Myths as Collective Meaning Systems: The Neurocultural Connection

Just as dreams are personal, self-organising meaning systems within the brain, myths function as collective meaning systems within a culture or society. They are semiotic systems that encode the values, symbols, and narratives of a community, guiding its behaviour and understanding of the world.

Edelman’s concept of value systems in the brain offers a fascinating parallel to myths. A culture’s mythological framework can be seen as an analogue to the brain's value system — a collective set of adaptive strategies and beliefs that inform how a society makes sense of its world. Myths are not fixed or rigid; like the brain’s value system, they evolve over time, adapting to new challenges and needs. As the brain processes and selects meanings through its neuronal group selection, so does society adapt its myths to address new social, cultural, or existential dilemmas.

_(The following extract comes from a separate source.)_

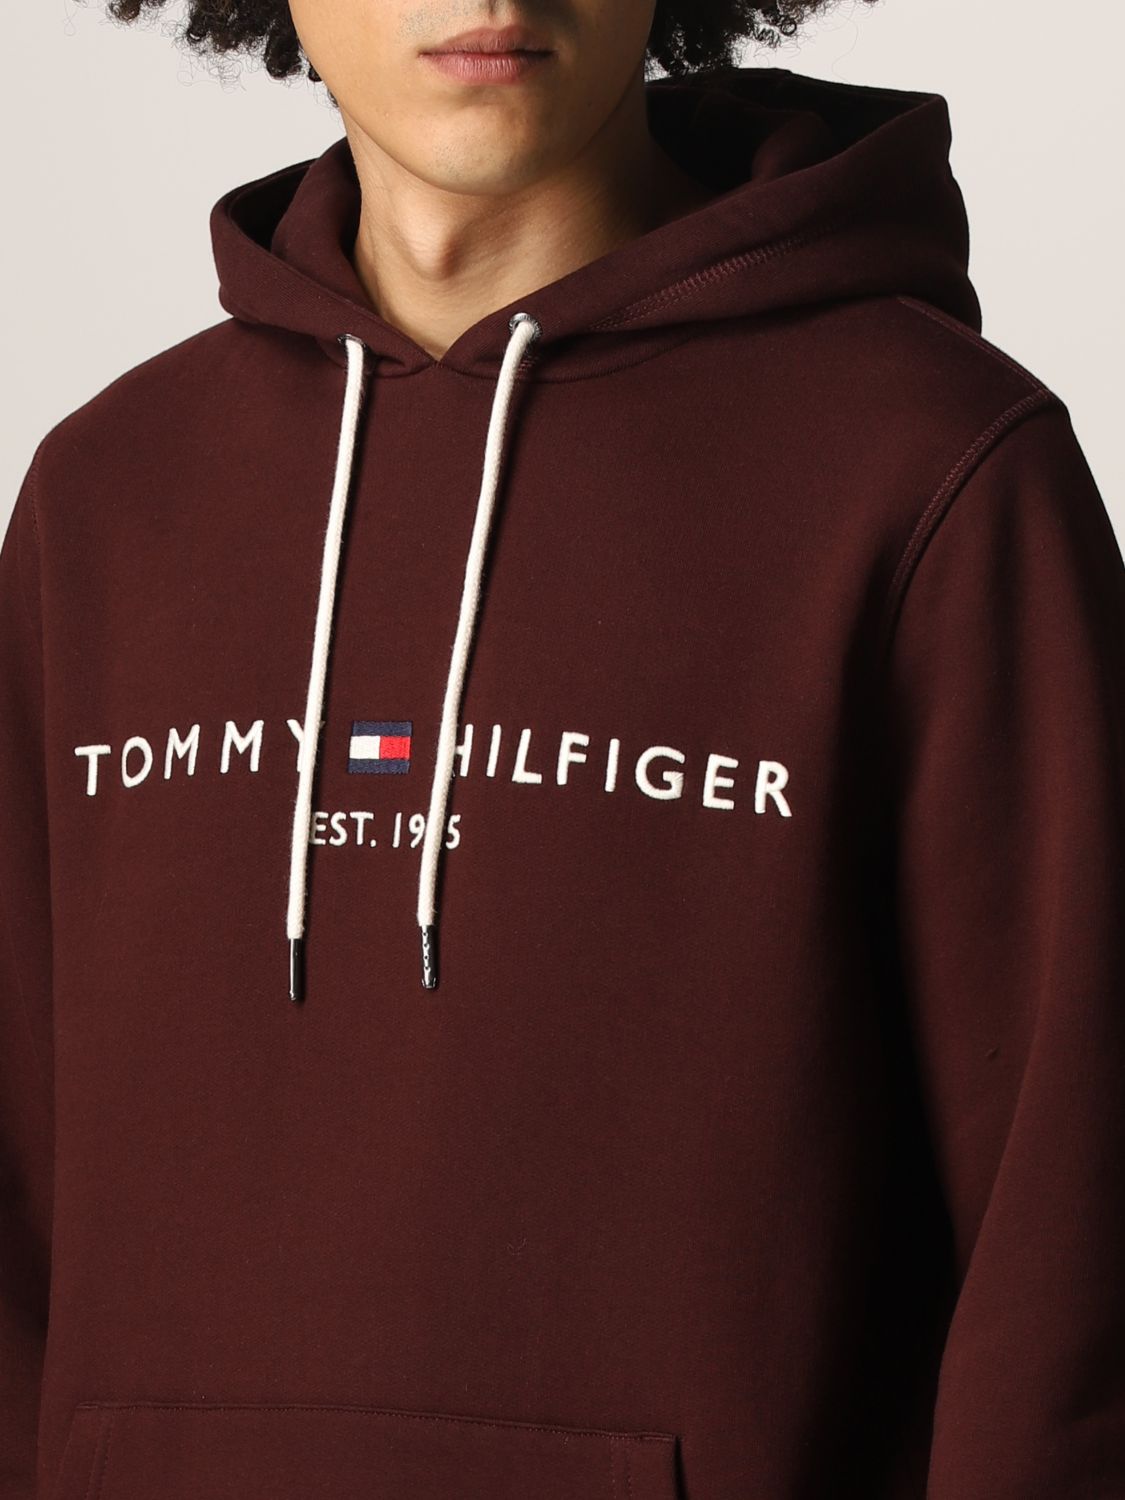 TOMMY HILFIGER: Sweatshirt men | Hilfiger Men Burgundy | Tommy Hilfiger MW0MW11599 GIGLIO.COM
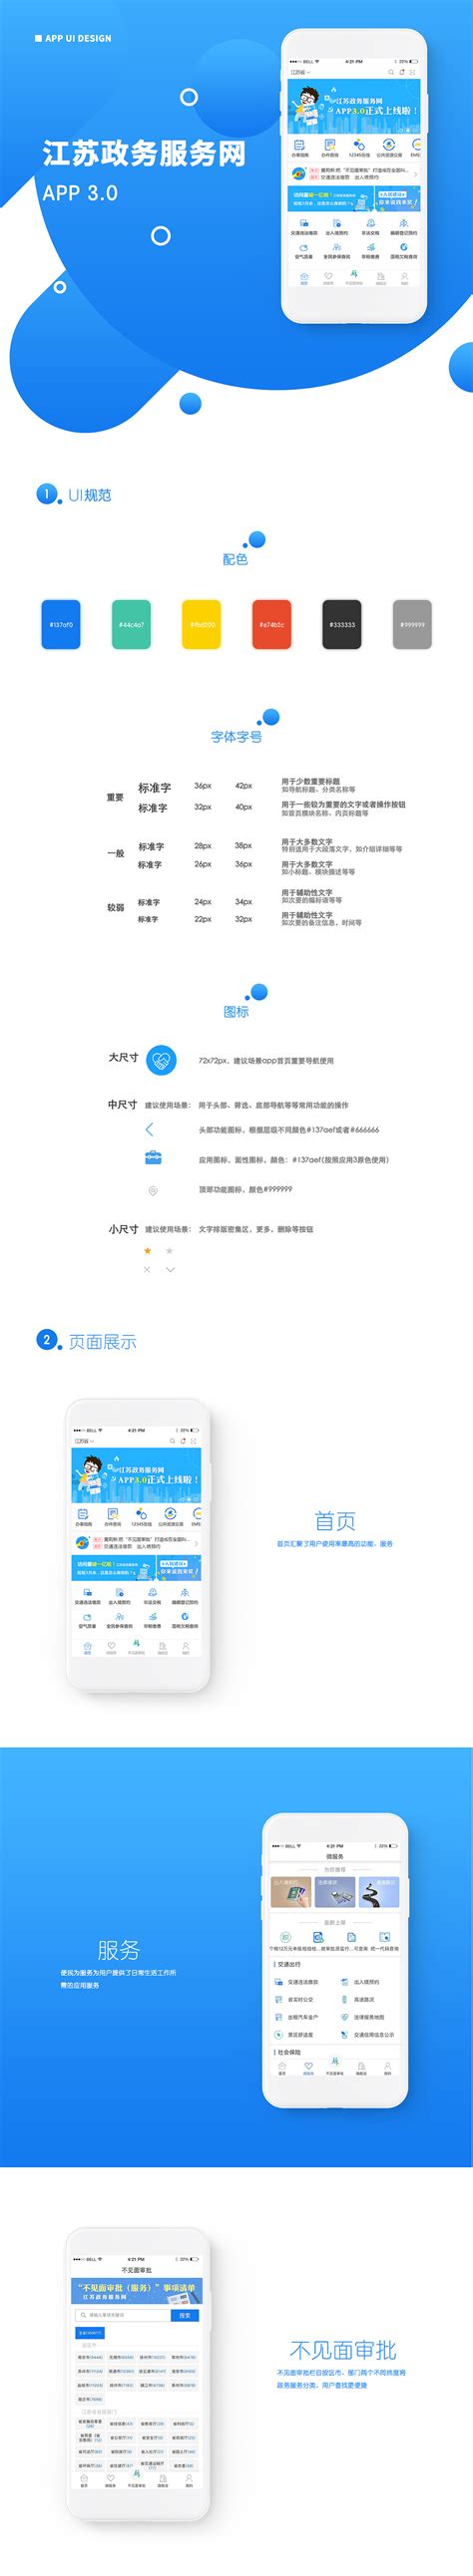 江苏政务服务网app下载,江苏政务服务网app下载安装最新版 v6.6.0-游戏鸟手游网

Just as the brain uses its value system to make sense of the sensory inputs it receives, myths allow a community to make sense of its environment, its origins, its purpose, and its destiny. Myths encode shared cultural wisdom, creating a collective meaning system that is constantly in flux, adapting to the changing values, beliefs, and needs of the society it serves.

Dreams and Myths as Neurocultural Processes

When we explore dreams and myths together, we begin to see them as parts of a broader neurocultural process of meaning-making. The brain’s self-organising, value-driven processes are mirrored in the cultural processes that generate myths. Both systems — individual and collective — rely on a dynamic, adaptive, and self-organising approach to creating meaning. Dreams allow individuals to process, integrate, and make sense of their internal and external experiences, while myths allow cultures to navigate their collective experiences and evolve.

Both systems rely on the same basic principles: selection, adaptation, and organisation. Just as the brain's value system organises sensory inputs to create meaning, so too do myths organise cultural values, guiding collective behaviour and understanding. In both cases, these meanings are dynamic and evolving, adapting to the changing needs of the individual or the culture.

Semiotics of Dreams and Myths: Symbolic Systems of Adaptation

From a semiotic perspective, both dreams and myths function as symbolic systems that allow for the exploration and communication of meaning. The brain creates meaning from sensory inputs, selecting and organising information into forms that can be understood and acted upon. Similarly, myths encode collective meanings that provide a framework for societal action and interpretation.

The symbols in both dreams and myths are not arbitrary. They are the product of an ongoing process of selection and adaptation. In dreams, the brain selects symbols from its own internal ‘storehouse’ of experiences and processes them in creative ways. In myths, symbols are selected from the cultural repository of shared meanings and organised into stories that can guide the behaviour and understanding of a group.

Both dreams and myths, then, are adaptive systems that reflect the brain’s ability to organise and make sense of complex, often chaotic, stimuli. Dreams do this on an individual level, while myths operate on a cultural level. In both cases, the meaning is constructed through a process of selection, organisation, and adaptation, guided by the brain’s internal value system or the cultural group’s shared values.

Conclusion: Dreams, Myths, and the Emergent Nature of Meaning

In conclusion, by viewing dreams and myths through the lens of semiotics and Edelman’s value systems, we can see that both are processes of self-organisation and adaptation. Dreams are the brain’s individual attempt to process and adapt to the information it receives, while myths serve as the collective adaptation of a society’s values, beliefs, and understanding of the world. Both are dynamic, evolving systems that guide meaning-making, providing us with the tools to navigate both our personal and collective realities.

By examining dreams and myths in this way, we begin to see the deep connections between individual cognition and collective culture, and we gain new insights into the ways in which meaning is constructed — both within the brain and within the culture.